If you are a woman, and believe part of your self worth is tied up in how your home presents to others? That's a lie sold to you by the nineteen fifties, to keep you in the home, forever working to perfect that which begins busily undoing itself upon completion. You're not even done cleaning before it is getting dirty again.

Anyway, anyway, sorry for the length, as usual Jo. Just saying, letting go of a (pardon my language) bullshit definition of femininity is much easier when you understand where it started.
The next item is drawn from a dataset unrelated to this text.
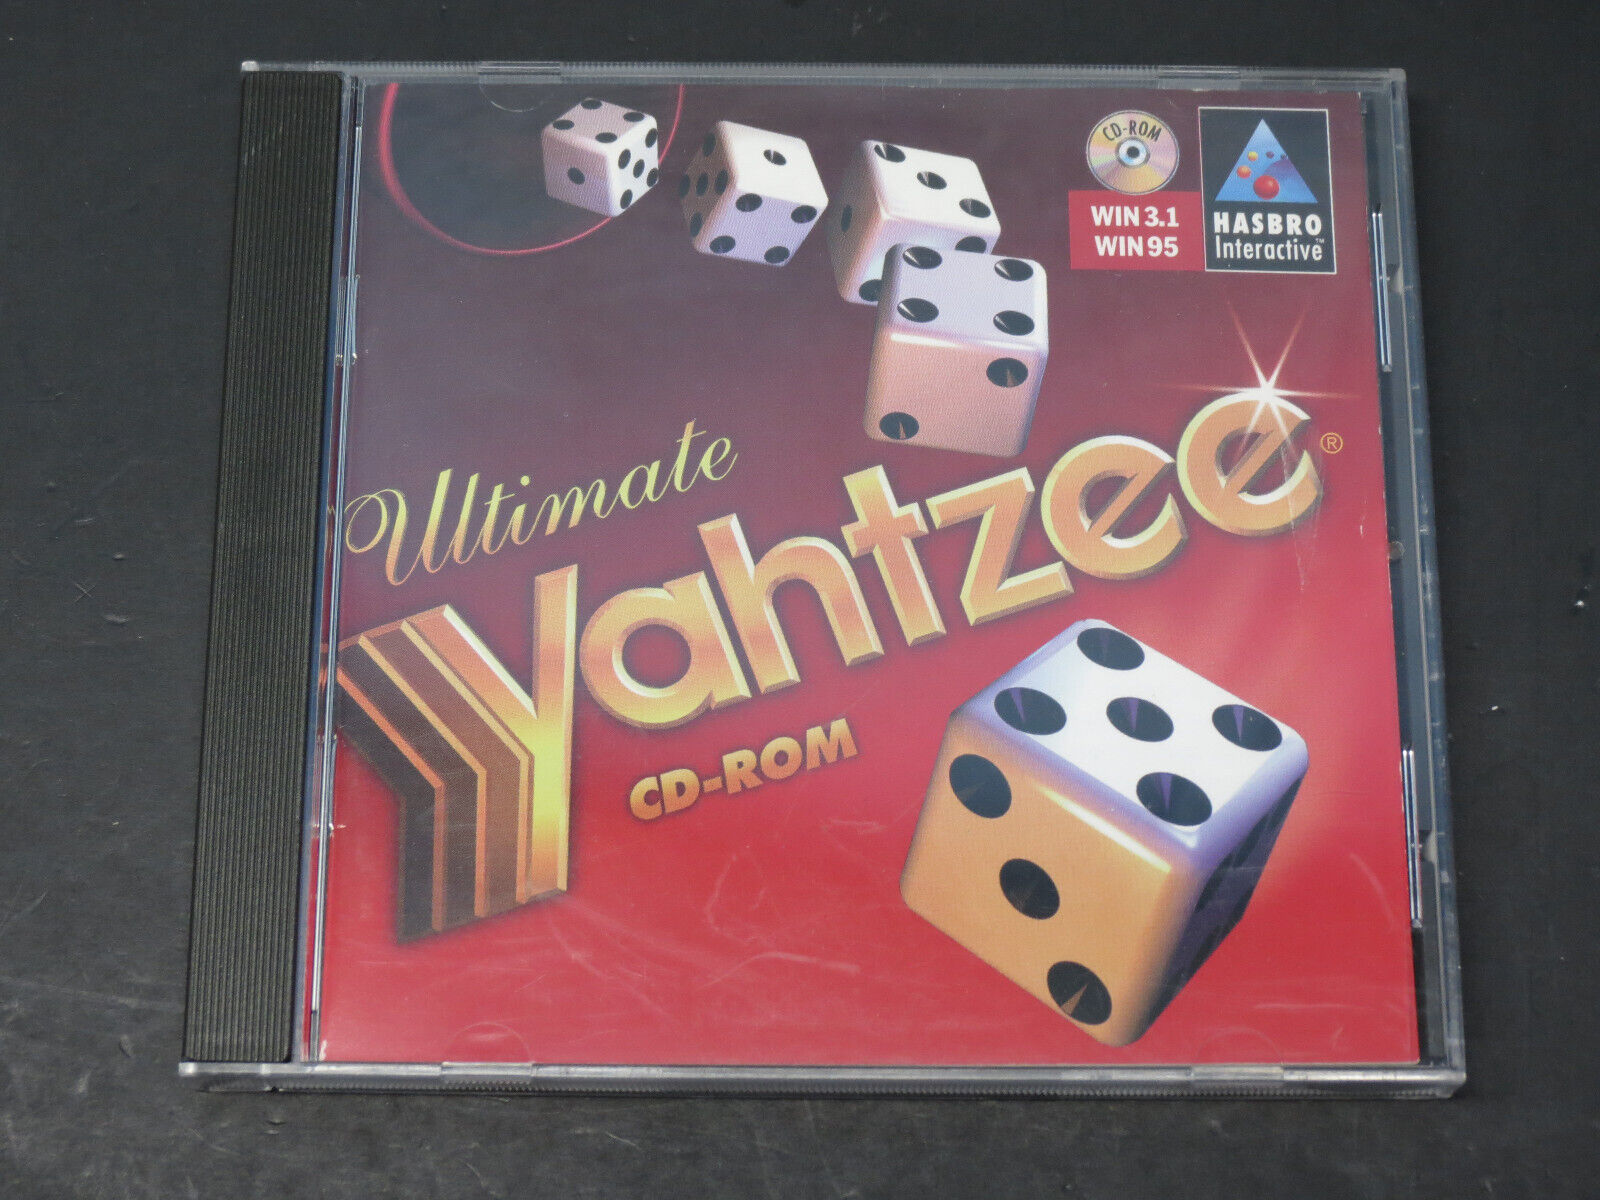 Vintage Ultimate Yahtzee PC Game for Win 3.1/ 95 c.1996 from Hasbro Interactive

There are great books about marriage and gender roles, read them, and if you're married? Consider giving your husband some for whatever holiday or occasion you celebrate.

It isn't just women who don't understand from where these ridiculous definitions came, many men don't either...and they don't realize that they are participating in a societal lie that doesn't benefit them, either (want a happy marriage? Don't treat your wife like a freaking house elf).

*leaps off one of my very favorite soapboxes* Thanks for the opportunity, Jo.

heartinsanfrancisco said...

Oh, God, yes. Thank you for noticing.

I couldn't agree more. I think I will embroider your post into a cross stitch sampler and hang it on the wall, right where "God bless this home" and "Susan's kitchen" would be if my late mother had had her way.

So-called "women's work" has always been what nobody else, ie MEN, wanted to do. What a colossal waste of talent, intelligence and spirit.

Jo said...

Alicia, omigosh, yes! He "helps" around the house. Isn't it his house too? His bathroom? His laundry? Sheesh! *heh*

Mia, you come from a very wise family, and I can tell from your writing that school won out. You are brilliant...!

Carol, well, I have always thought of feminism as being rather "militant" and I am not militant. So in that regard I don't consider myself a feminist. It should not be "either/or". And yes, my Mom was a wonderful artist, so she was able to have that outlet too. But it was a bad time for her.

Alane, brilliant comment, as always. :-) And yes, times have changed so much especially now in the 21st Century when oftentimes the woman is the main bread winner of the family, and yet still has to go home and do the "housework". Things have to change and line up to today's standards, and not a standard that was set centuries ago.

Susan, "What a colossal waste of talent, intelligence and spirit." Amen...!!!!!

Paula Slade said...

Terrific post Jo! My heart goes out to women who still struggle in these dual rolls.